Ben Chapman, Ph.D. student at the University of  Guelph, Canada says: simple things like controlling water sources and having permanent clean bathroom facilities can help prevent bacteria from getting in our food supply. Especially an increasing number of outbreaks linked to produce. Foreign grown produce bring new types of bacteria and food borne illnesses.

Under our current system, are the food suppliers and retailers conducting quality checks and taking other measures to ensure the food they bring into the country is safe? Hardly so. Hello Quarantine?

All fresh produce bears some risk of becoming contaminated with bacteria. It is our duty to identify fruit and vegetables that have high risk of contamination-like tomatoes.

 

THE NEW FOOD MARKET AT VAITELE

First and foremost this new food produce market/restaurant at Vaitele and other that will be established elsewhere in the future (in fact my prediction was good. Now we have the new Fugalei market) must be guided by scientific principles of food and personnel hygienic handling.

Remember hot water for the purpose of handling fruit and vegetables, as well as, the food preparation in the restaurant must be the first priority of management. Anything else is secondary.

 

 

The health of the customers is at stake; whenever unsanitary practices get hold of the daily operations; Good hygienic practice must be inculcated and practiced by all personnel dealing with the public on daily basis.

Entrance to the toilet facilities – by both sexes must not be exposed to the public view. I.e. a wall in front of both entrances has to be built; the same rule goes for any public toilet in town. Like at Savalalo.

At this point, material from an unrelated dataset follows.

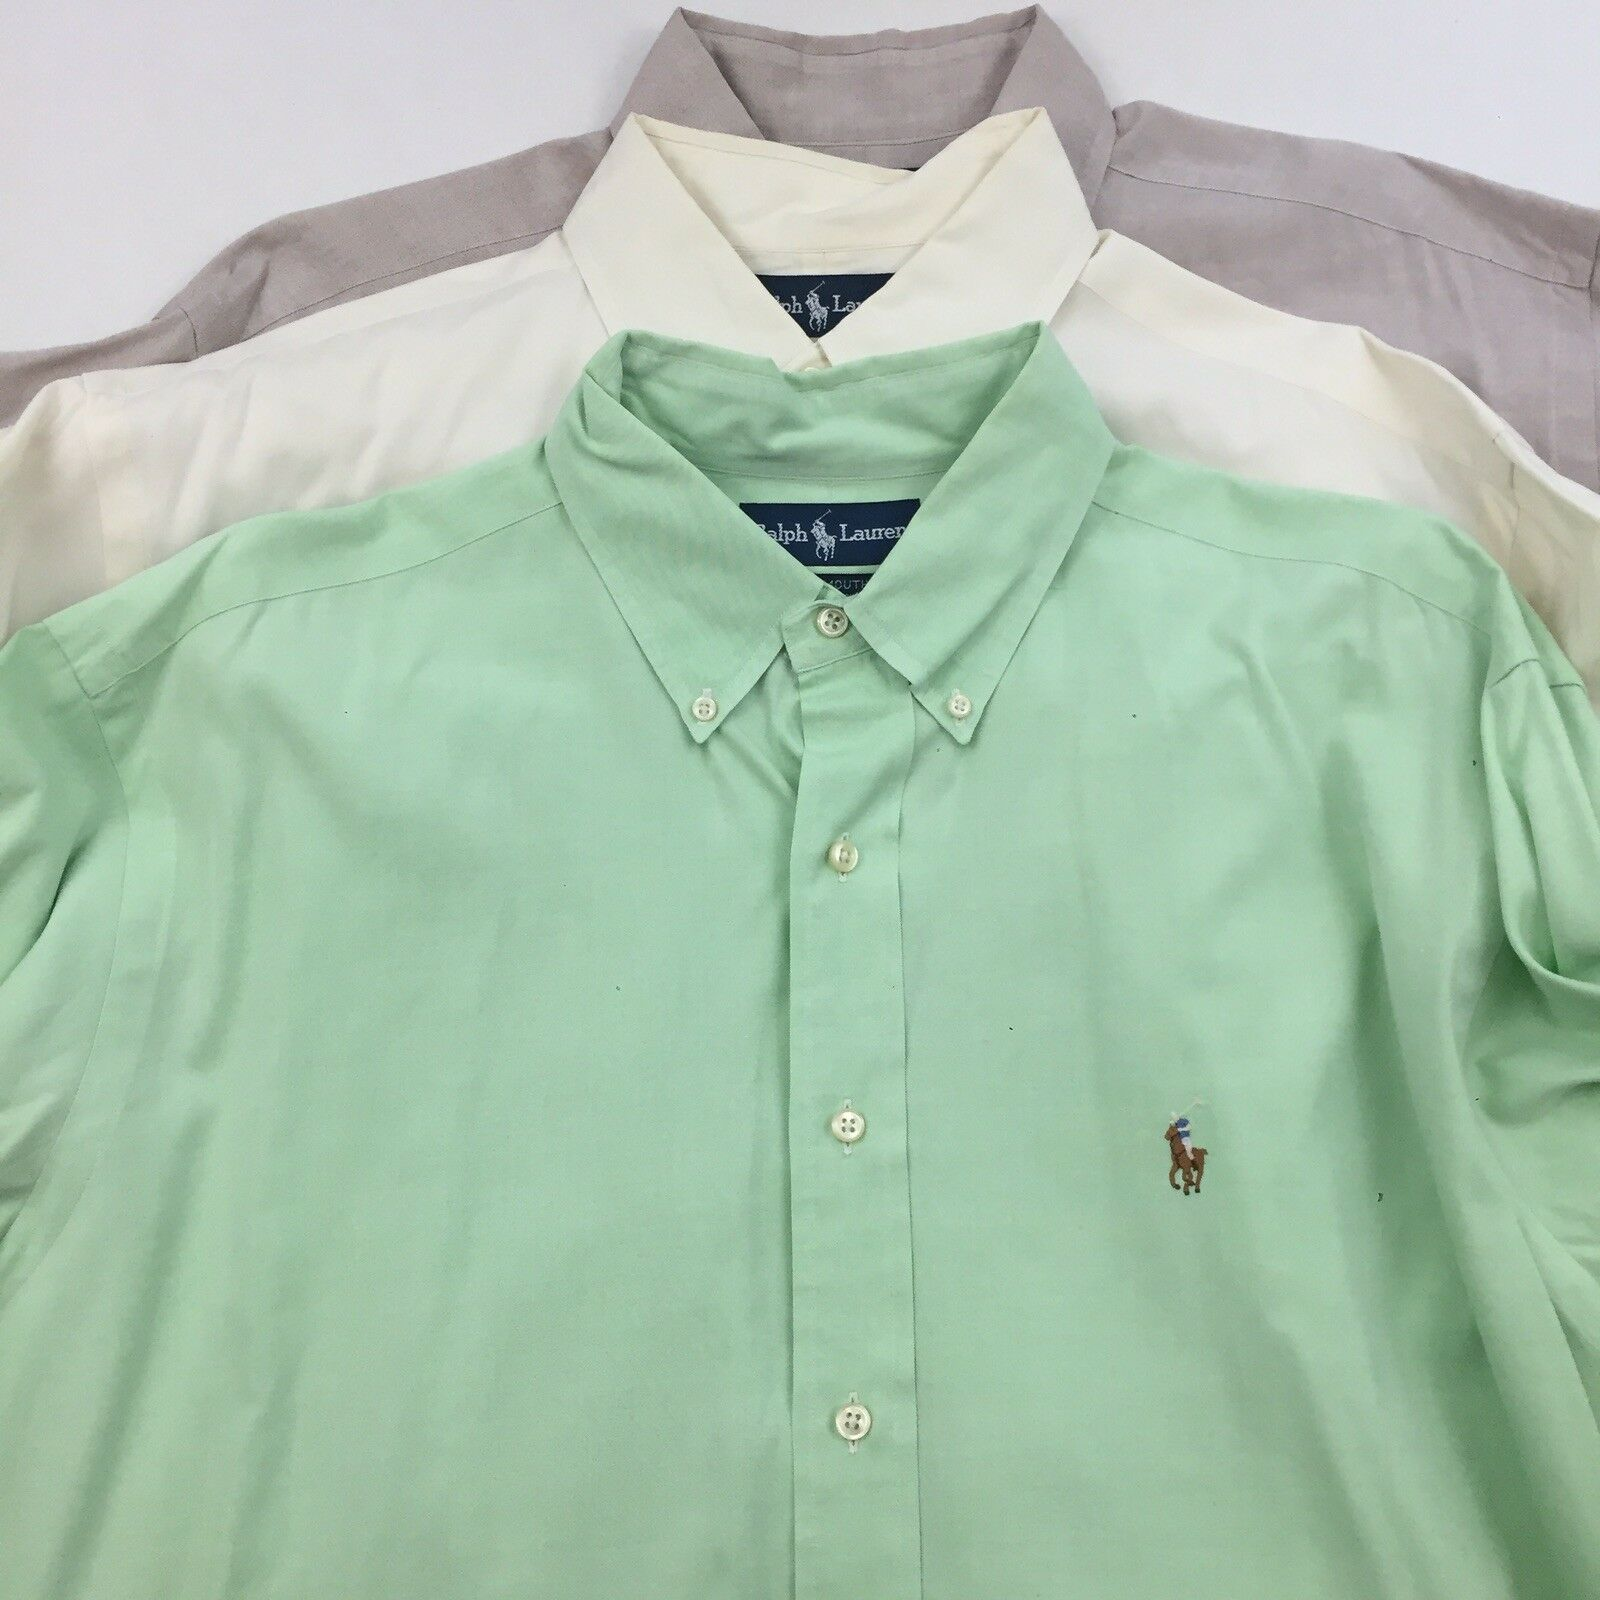 Lot of 3 RALPH LAUREN Yarmouth 16 1/2 Pony Large Dress Shirt Long Sleeve Oxford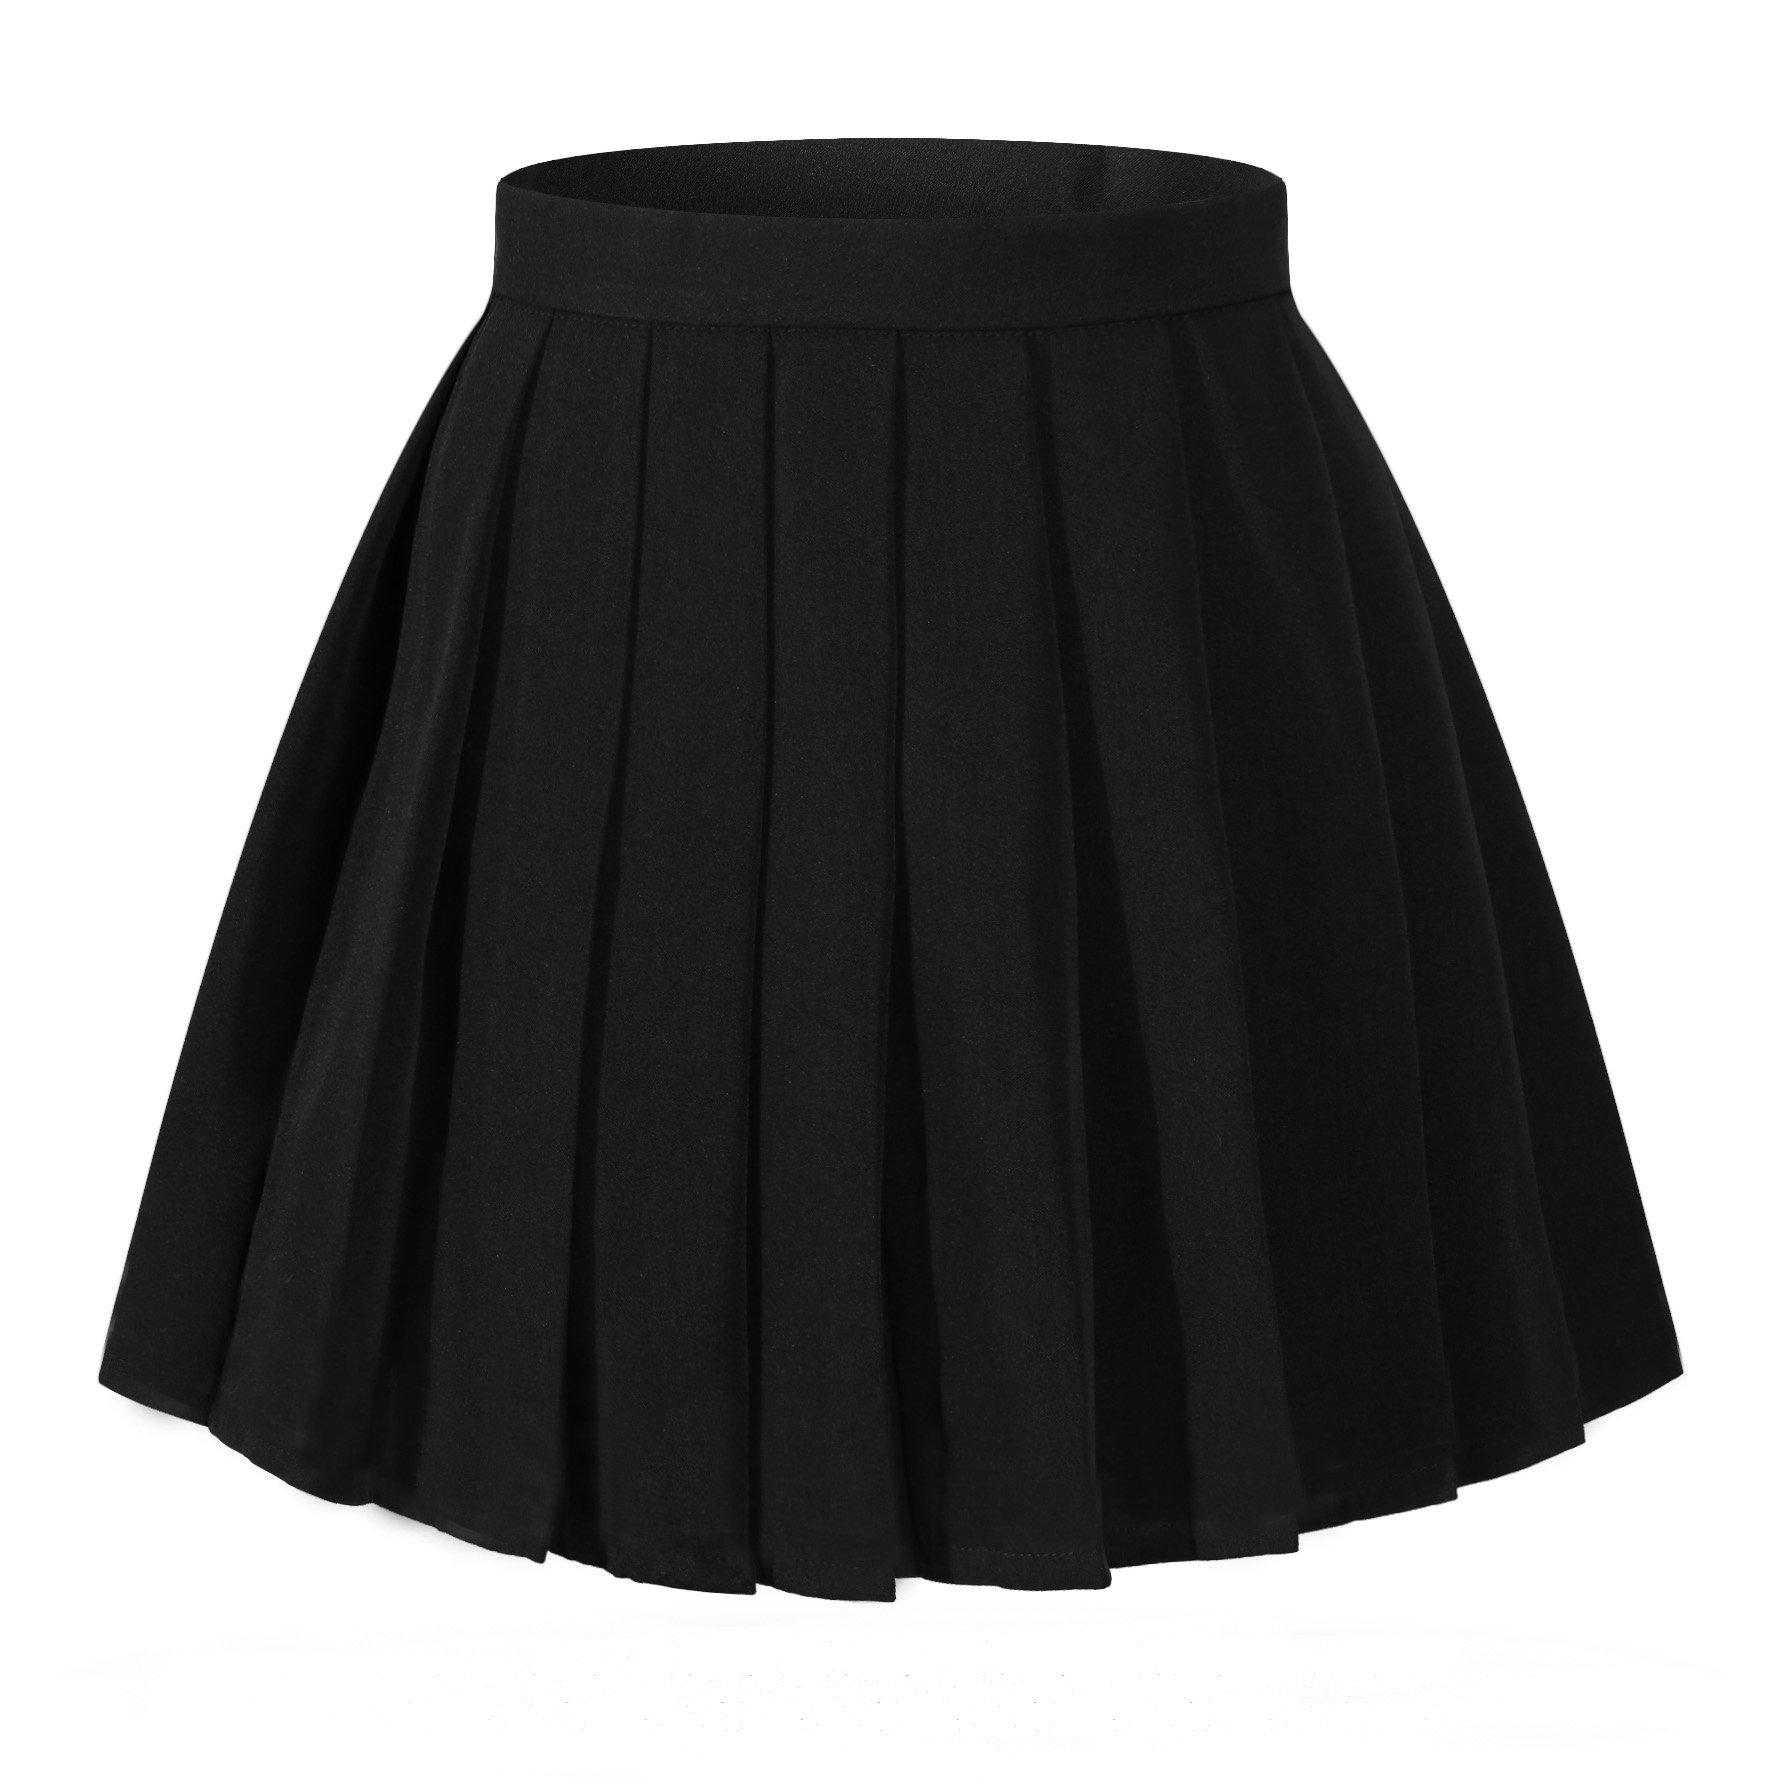 Beautifulfashionlife Women`s Flared Vintage Pleated High Waist Pleated Skirts(XL,Black)

Finally, it is tacitly understood that the lavatories for both sexes must have at all times a ready and continuous supply of running hot water, a hand washing cleaning agent and toilet paper. Their absence will send a clear signal of unsanitary condition in all areas of the establishment. A clean town must have clean toilet facilities. Of course, what goes for the public toilets must apply for lavatories at the government and other public buildings around town. In fact, I have detected the absence of toilet paper in at least 4 ministries, a good indication that there no toilet paper in the rest of them. Does BYOTP apply there?

Naturally, all the existing lavatories must be kept clean on a daily basis!

Let us remind ourselves that the purpose of any business is not to make money, but to satisfy the customer. Dr. Paul Samulon, Nobel Prize in Economics said: “The customer, so it is said is the king.”

Note. A comment by WIW (Wendy in Wonder) about MOH’s “food inspectors” checking McDonals’ prompted me to pull from my files this (revised) enlightening article about food safety in Samoa.) Thanks WIW.

 

*Orlando Huaman is a Food Technologist. Malololelei.